Heat the olive oil in the same skillet you used to toast the spices and add the onion, peppers, garlic, ground spices, and tomato sauce (or paste).  Season with salt and cook until the peppers soften a bit, 5-10 minutes; turn the heat down if things look like they’re starting to burn.

Add the tomatoes and continue to cook the mixture until it becomes a thick sauce; taste and season with more salt (plus black pepper).  Make four little holes in the sauce.  Break the first whole egg and place it gently into one of the holes.  Repeat with the remaining whole egg and yolks.   Using a fork, carefully swirl the egg whites (from the whole eggs) a bit into the sauce, being careful not to break the yolks.

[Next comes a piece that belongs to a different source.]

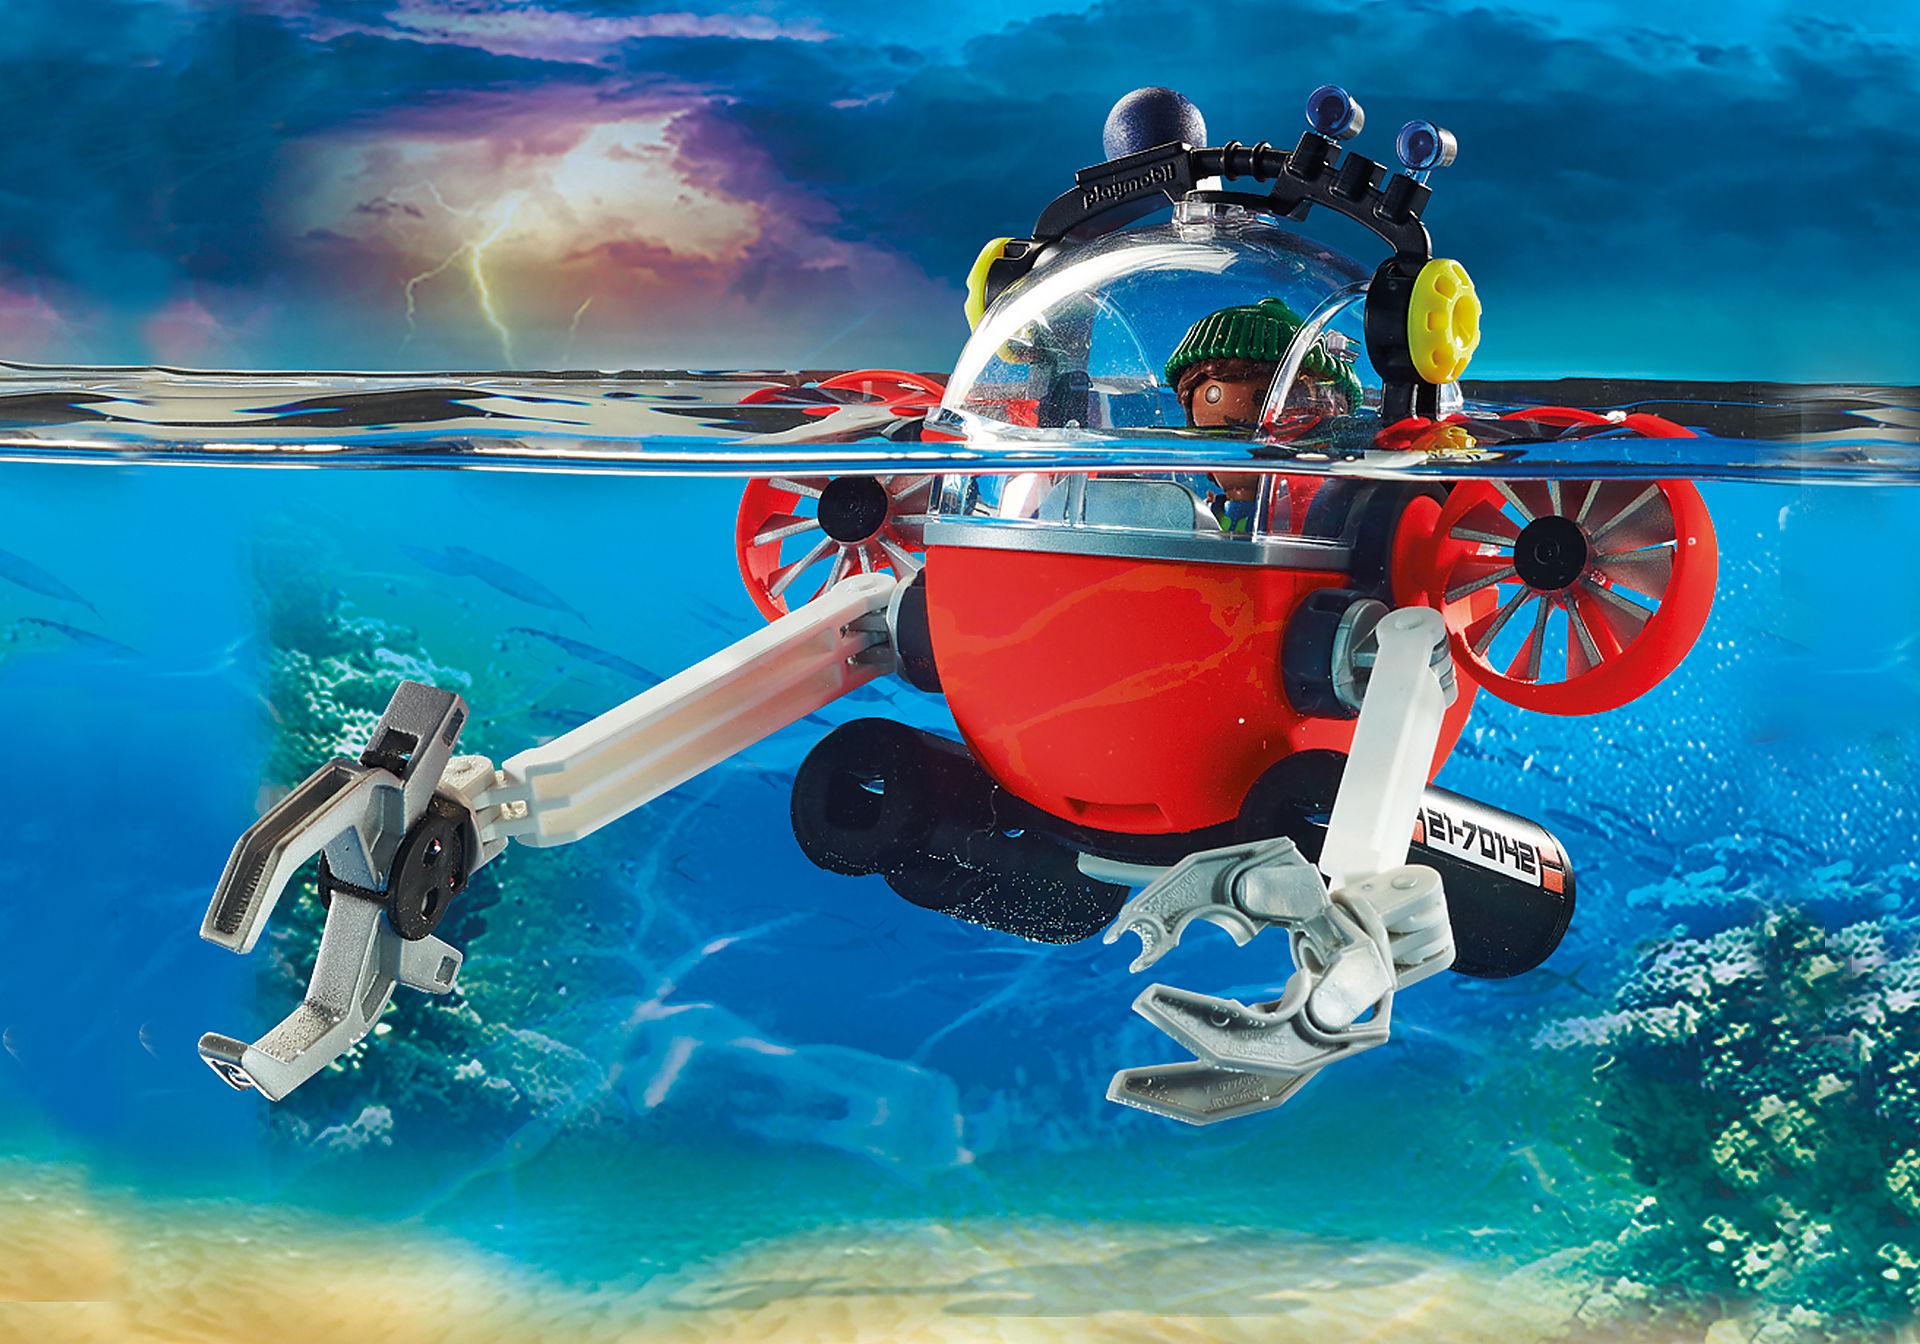 70142 Skibsredning: Miljøindsats med dykkerskib zoom image5

Simmer the eggs for 5-10 minutes, covering them with foil to speed up the cooking process if you wish.  The egg whites should be set, but the yolks should still be runny.

Serves two

Notes:
-The original recipe (paired down to serve two people) calls for 1 tbsp harissa and ½ tsp ground cumin and is served with labneh, which is a thickened yogurt made from cow’s and sheep’s milk.  

-I didn't have tomato paste (which is what the original recipe called for) but I did have some tomato sauce that I made earlier in the week.  And I figured that would work just fine.  It did.

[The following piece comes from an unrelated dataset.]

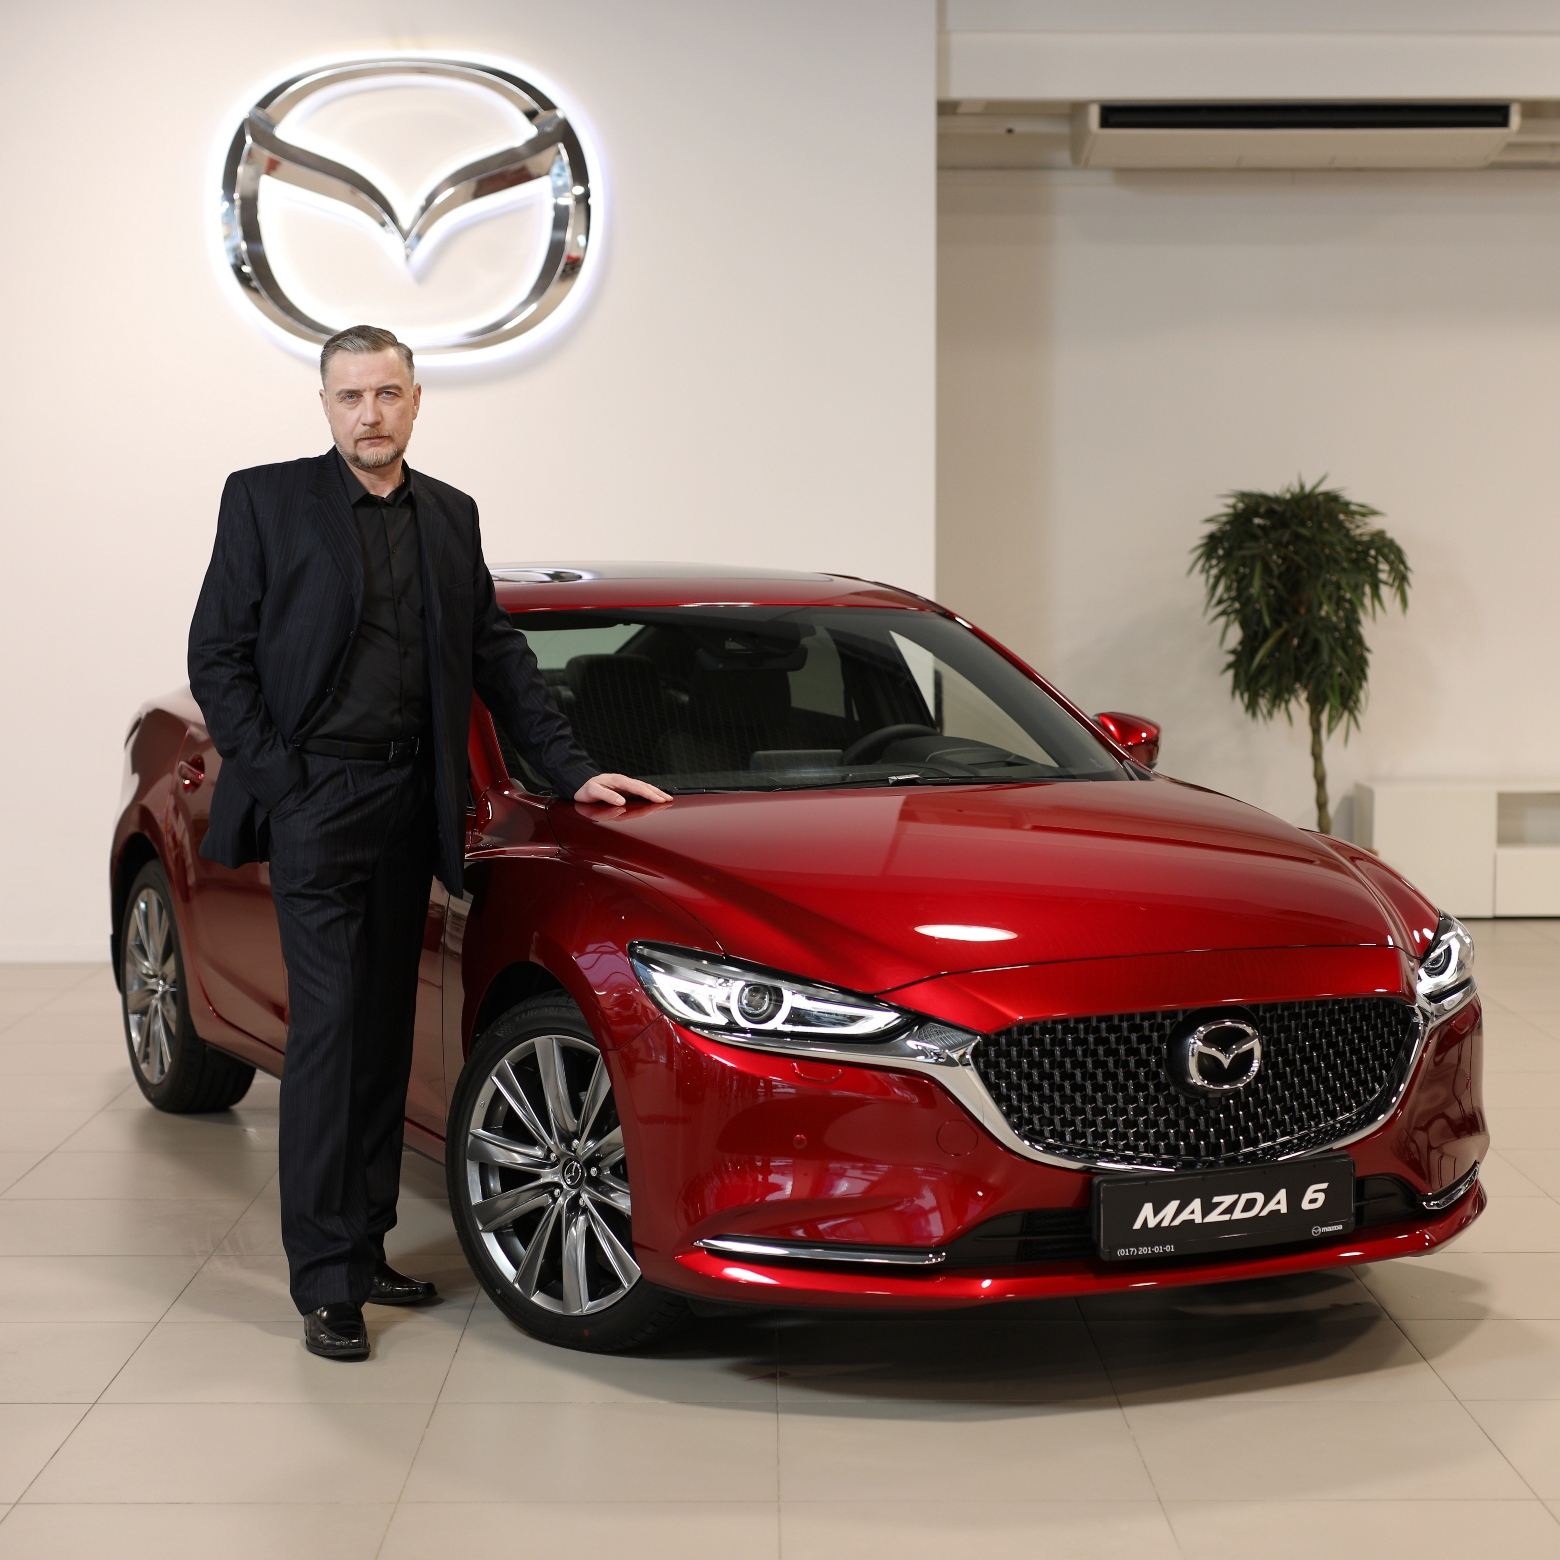 Mazda6 презентация Виктор

-If you don’t have a Fresno chili you could substitute a serrano or jalapeño. 

-This would be wonderful with some fresh bread.  (The dish was gone before I could get some.)

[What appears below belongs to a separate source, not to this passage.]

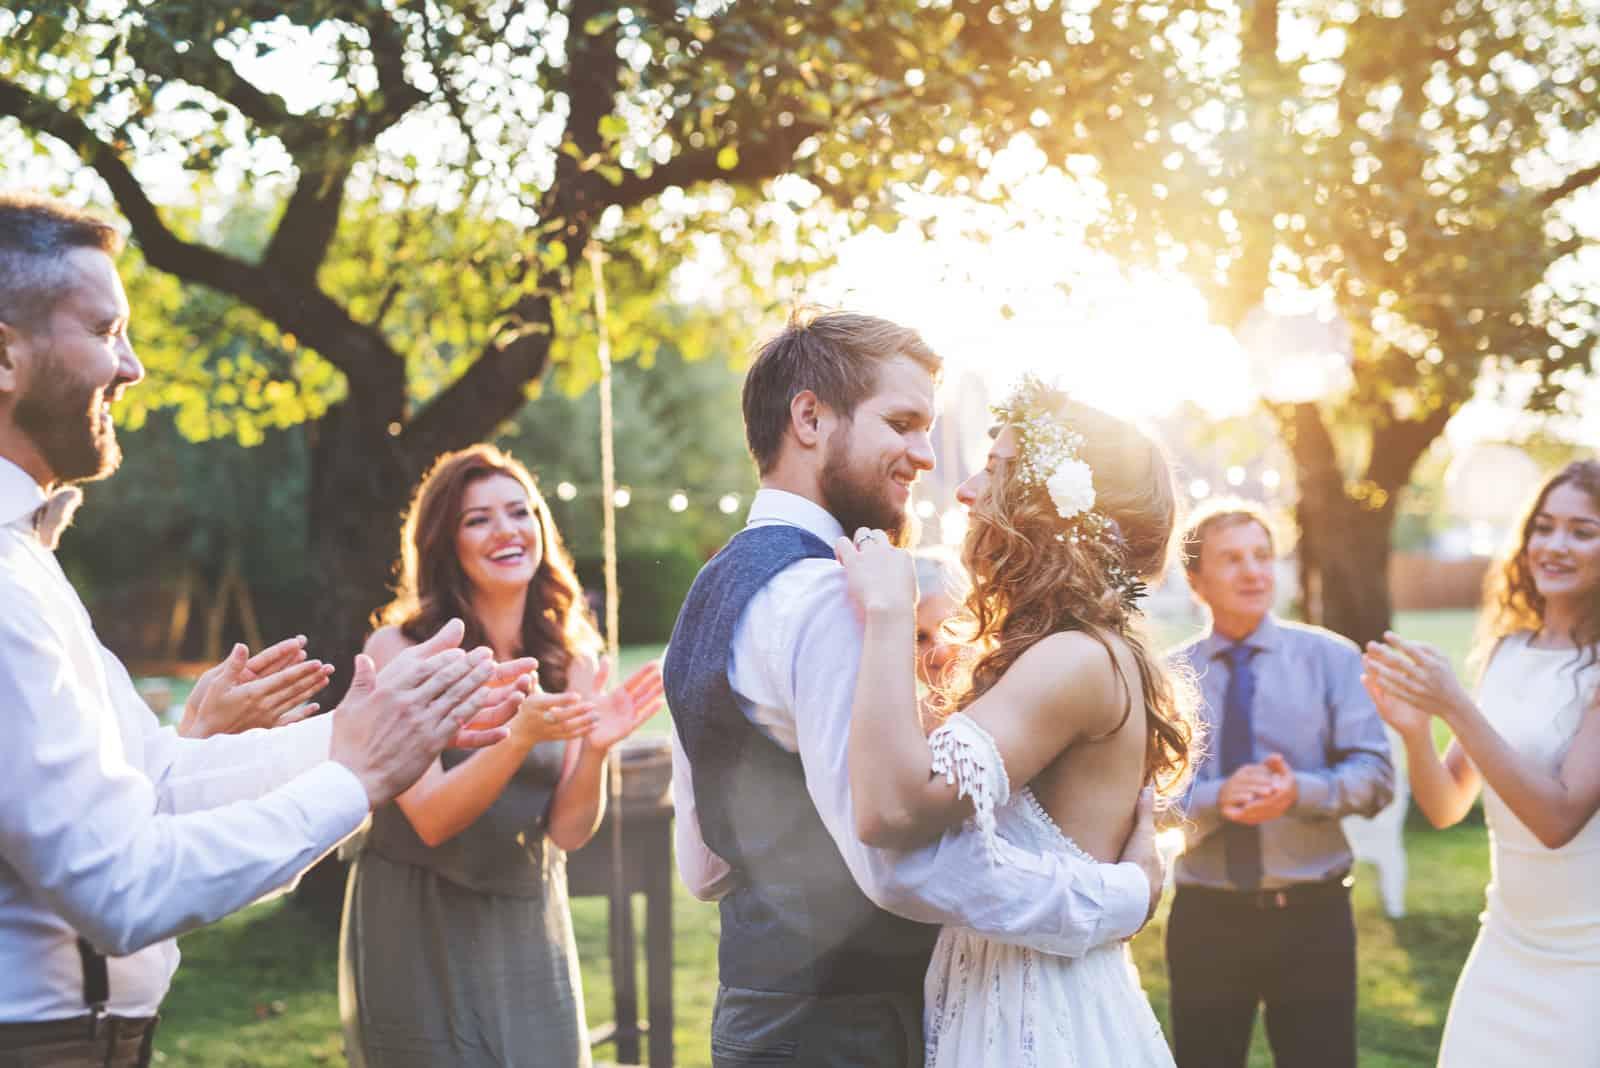 ein Mann und eine Frau tanzen auf einer Hochzeit

-I ended up covering the eggs with foil, which is why there is a slight whitening to them.



7 comments:

  1. That looks gorgeous. Isn't there a shakshuka recipe in Plenty too? This looks like the sort of dish of which you could make countless wonderful and slightly different variations. I'm not in the habit of making leisurely breakfasts on the weekends, but I'll have friends visiting later this month. This looks like a sure bet!

    ReplyDelete
  2. Hi Emily! It's Jenny from penn state - I recently rediscovered your blog and LOVE that you posted about this. We have four chickens (and fresh eggs every day!) so I'm always looking for different egg recipes. I followed the Saveur recipe for dinner one night and it was amazing. Soooo satisfying and simple. I like the yolks runny like you show them but Tim preferred the yolks just set. I like that you can customize for preference.

    Happy new year!

    ReplyDelete
  3. I spent the weekend cooking from Plenty! I feel like I need to get through Plenty before I can start with Jerusalem. But it is sitting patiently on my shelf :) Looks delicious.

    ReplyDelete
  4. I also got that cookbook for christmas! I can't decide what to make first (a common problem, apparently) but I think these eggs are a definite candidate. :)

    ReplyDelete
  5. Katie-I do believe there is a shakshuka recipe in Plenty (though I don't have it yet ... I say "yet" because it's clearly a necessity.) ;)

    Jenny-Great to hear from you! And I'm quite jealous re: your egg situation. I imagine this would make a perfect dinner too. So glad you stopped by to say hello: happy 2013!

    Katie-We've talked about this. Definitely an obsession. Can't wait to haer about your Jerusalem adventures.

    Eileen-Thrilled you also have the cookbook ... the community is a flutter with their recipes. (And for good reason.) Happy cooking!

    ReplyDelete
  6. This looks so comforting -- delicious -- and simple to make. I love it!

    ReplyDelete
  7. Megan- It was: I can't wait to make it again!